Las delegaciones de ambas partes tienen un compromiso con el país, pero también el colectivo nacional está llamado a comprometerse con el proceso, a saludar y apoyar los esfuerzos por construir relaciones  que hagan posible edificar un andamiaje institucional reconocido por todos. Si son ciertas las informaciones extraoficiales sobre los inminentes anuncios de reanudación de proceso y los acuerdos  alcanzados, vaya nuestra palabra de reconocimiento a los venezolanos que componen ambas  delegaciones, por la responsabilidad política que están asumiendo por el bien de la nación y también 

  

nuestro agradecimiento a los esfuerzos de la comunidad internacional apoyando y acompañando el mecanismo de negociación que hoy los reúne. 

El papel del ciudadano. 

Los ciudadanos estamos llamados a dirigir nuestras acciones y posiciones para coadyuvar a edificar un  Acuerdo Democrático Nacional inclusivo que nos permita avanzar hacia el futuro que todos anhelamos.  La población venezolana está llamada a exigir que este regreso al Mecanismo de Negociación en México  sea definitivamente el inicio de un abordaje distinto del espacio de negociación, un compromiso con los  venezolanos que sufren y las víctimas, lo que exige una obligación con la discusión de la agenda  acordada en el Memorándum de Entendimiento, firmado entre las partes, que incluye: derechos  políticos para todos. Garantías electorales para todos. Cronograma electoral para elecciones observables. Levantamiento de las sanciones. Restauración de derecho a activos. Respeto al Estado  Constitucional de Derecho. Convivencia política y social. Renuncia a la violencia. Reparación de las  víctimas de la violencia. Protección de la economía nacional y medidas de protección social al pueblo  venezolano. Así como garantías de implementación, seguimiento y verificación de lo acordado y el  cumplimiento del apartado 4 de participación, que prevé mecanismos de consulta con actores sociales y  políticos no incluidos en la mesa.  

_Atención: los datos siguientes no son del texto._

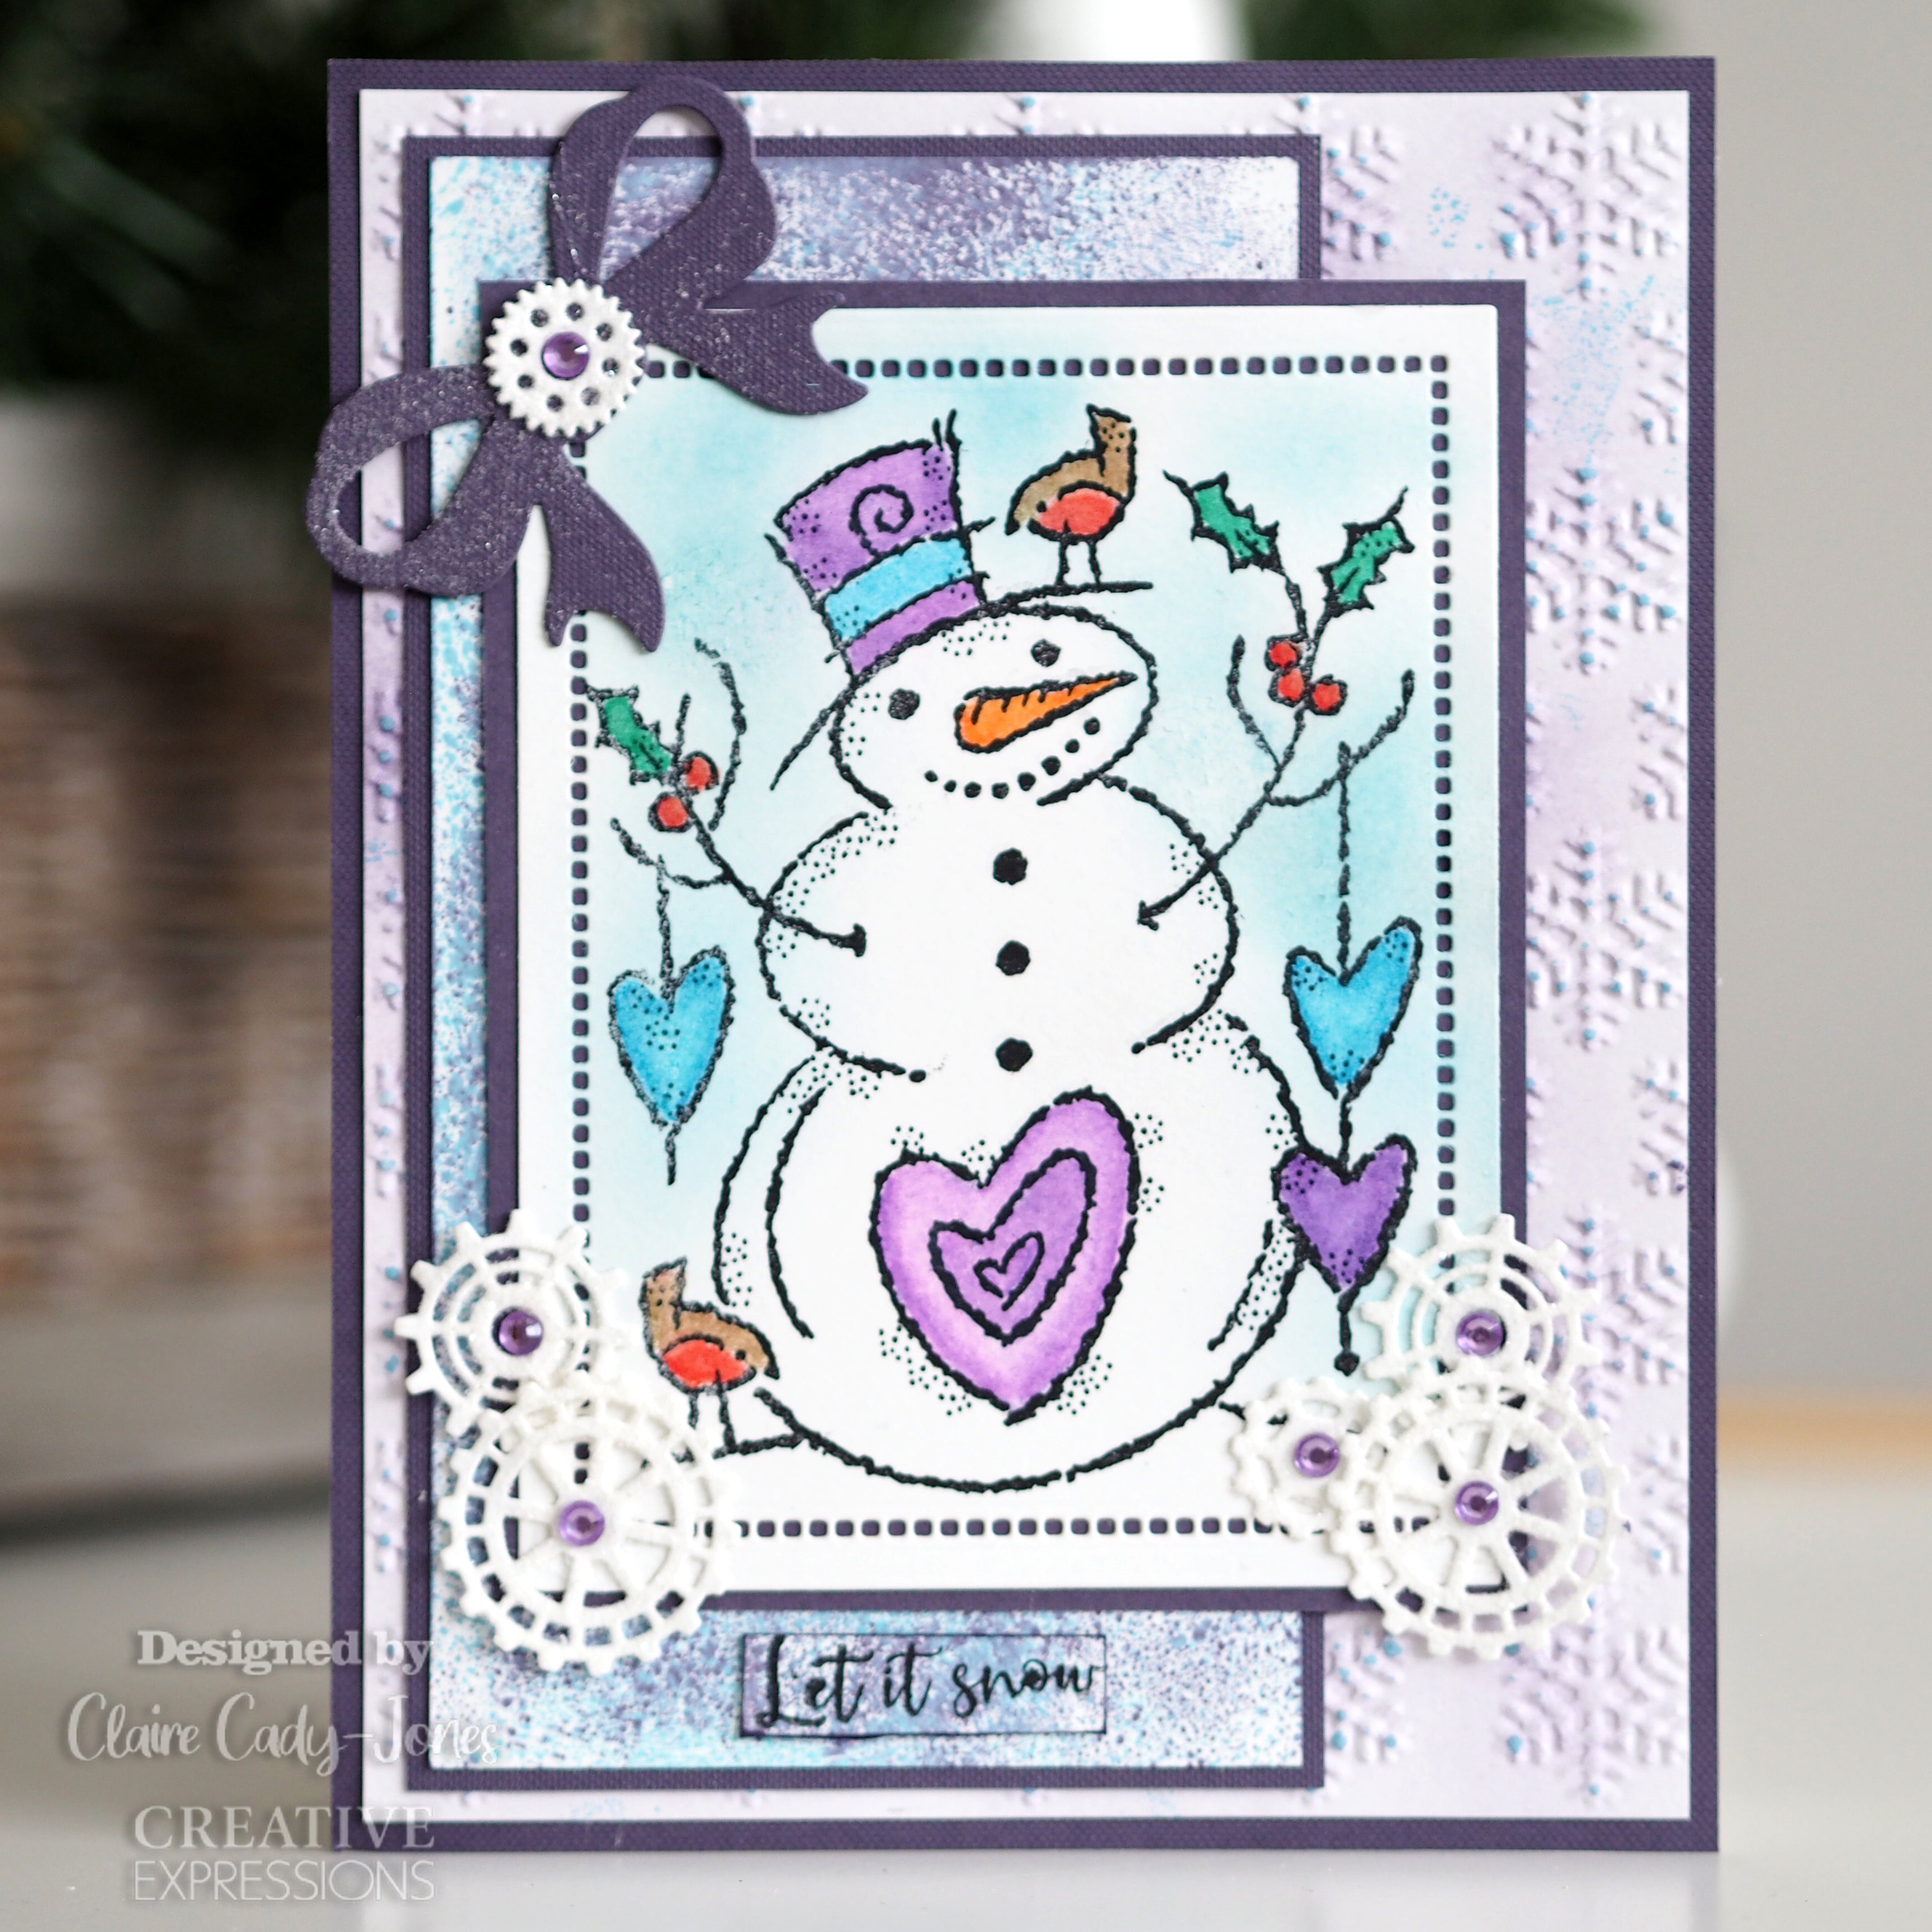 Woodware Clear Singles Loving Snowman 4 in x 6 in Stamp

Esta exigencia encierra una lógica de transformación del conflicto y, por tanto, una demanda de cambios  reales en las formas de relación que nos permita hacer de la negociación una oportunidad, una  posibilidad para edificar juntos un país de justicia, de bienestar, de convivencia democrática, de plena  vigencia de los derechos humanos que nos saque del inmovilismo, el atraso, la miseria, la injusticia, la  impunidad y la corrupción que hoy nos dividen 

Lederach nos plantea la siguiente pregunta: ¿cómo acabamos con algo no deseado y construimos algo  que sí deseamos? 

Siguiendo su rastro, construir lo que deseamos nos demanda recorrer con paciencia de artesano la  topografía del conflicto, lo cual exige integrar diferentes miradas que nos permitan contrastar los  diferentes aspectos de una realidad compleja. Cada mirada aporta para ver una porción particular de la  realidad, todas son necesarias para tener una visión completa del panorama y de las aspiraciones  existentes en el ciclo de negociación que está edificándose; por ello, hacemos un llamado a todos los venezolanos a activarse coadyuvando a crear las condiciones para que sea posible una negociación  efectiva, realista y razonable. La diversidad de voces que convergemos en el Foro Cívico, consecuentes  con este enfoque, hemos impulsado desde finales del año 2021 la edificación de una Agenda Social y de  Derechos, como un aporte al complejo y extenso camino de construcción de acuerdos y obtención de  justicia y reparación que nos toca transitar a los venezolanos.  

Agenda Social y de Derechos. 

La Agenda Social y de Derechos es un proceso participativo e incluyente, impulsado desde el Foro  Cívico, para la construcción, sistematización, difusión e incidencia que concentre las propuestas de diversos sectores sociales para la reinstitucionalización democrática de Venezuela, para conseguir  justicia y reparación para las víctimas, una contribución de los sectores que convergemos en este  

espacio al proceso de edificación de un Acuerdo Democrático Nacional.

  

Esta acción se apoya en una red de líderes sociales que ya han mostrado capacidad para ser  interlocutores de la acción social y política local que se relacionan en el Foro Cívico como espacio de  dinamización, apoyo y articulación. Durante 2021, el FC realizó una ronda preliminar de encuentros con  varios de los sectores que lo conforman para explorar la pertinencia de esta iniciativa, con la compañía de la Dra. Mariana Aylwin, figura fundamental del movimiento Demanda Chile, que ofreció a los sectores  políticos chilenos los consensos en las demandas de la sociedad para la democratización en los años 80.  Se llevaron a cabo diversas reuniones sectoriales que señalaron algunos puntos de partida para la hoja  de ruta que este proyecto representa. 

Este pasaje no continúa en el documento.